Give back, word for word, the line that contains "Tryptic Soy Agar" and every line that follows it in the data below.

[Recorded data]
Content starts

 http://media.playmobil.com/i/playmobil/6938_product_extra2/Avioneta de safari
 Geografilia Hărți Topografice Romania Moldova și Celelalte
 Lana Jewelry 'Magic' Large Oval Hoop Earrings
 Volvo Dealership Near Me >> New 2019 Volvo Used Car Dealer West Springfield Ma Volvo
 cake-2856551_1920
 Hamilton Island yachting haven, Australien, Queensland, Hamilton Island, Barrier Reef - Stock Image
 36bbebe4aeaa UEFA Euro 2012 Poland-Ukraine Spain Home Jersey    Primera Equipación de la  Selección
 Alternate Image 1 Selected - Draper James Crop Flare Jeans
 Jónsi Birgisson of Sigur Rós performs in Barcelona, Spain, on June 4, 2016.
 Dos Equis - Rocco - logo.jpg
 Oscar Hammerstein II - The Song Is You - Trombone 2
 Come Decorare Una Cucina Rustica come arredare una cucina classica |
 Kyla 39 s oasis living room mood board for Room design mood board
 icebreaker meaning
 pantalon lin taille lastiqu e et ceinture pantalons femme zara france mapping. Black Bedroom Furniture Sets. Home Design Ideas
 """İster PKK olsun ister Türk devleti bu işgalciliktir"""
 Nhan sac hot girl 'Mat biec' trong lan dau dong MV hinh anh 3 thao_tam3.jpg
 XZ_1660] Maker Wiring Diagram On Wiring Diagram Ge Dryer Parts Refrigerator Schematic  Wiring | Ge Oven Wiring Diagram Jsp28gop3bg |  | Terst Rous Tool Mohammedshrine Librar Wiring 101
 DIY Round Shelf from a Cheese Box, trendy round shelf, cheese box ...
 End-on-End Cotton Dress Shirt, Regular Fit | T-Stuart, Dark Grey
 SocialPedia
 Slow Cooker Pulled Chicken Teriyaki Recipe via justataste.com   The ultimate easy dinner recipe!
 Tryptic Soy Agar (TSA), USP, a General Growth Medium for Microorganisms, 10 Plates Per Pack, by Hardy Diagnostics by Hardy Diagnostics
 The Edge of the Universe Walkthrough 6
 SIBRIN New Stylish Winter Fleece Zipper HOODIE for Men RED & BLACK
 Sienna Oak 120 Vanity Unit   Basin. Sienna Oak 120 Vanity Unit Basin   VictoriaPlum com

Content ends

§ **Answer space**:
 Tryptic Soy Agar (TSA), USP, a General Growth Medium for Microorganisms, 10 Plates Per Pack, by Hardy Diagnostics by Hardy Diagnostics
 The Edge of the Universe Walkthrough 6
 SIBRIN New Stylish Winter Fleece Zipper HOODIE for Men RED & BLACK
 Sienna Oak 120 Vanity Unit   Basin. Sienna Oak 120 Vanity Unit Basin   VictoriaPlum com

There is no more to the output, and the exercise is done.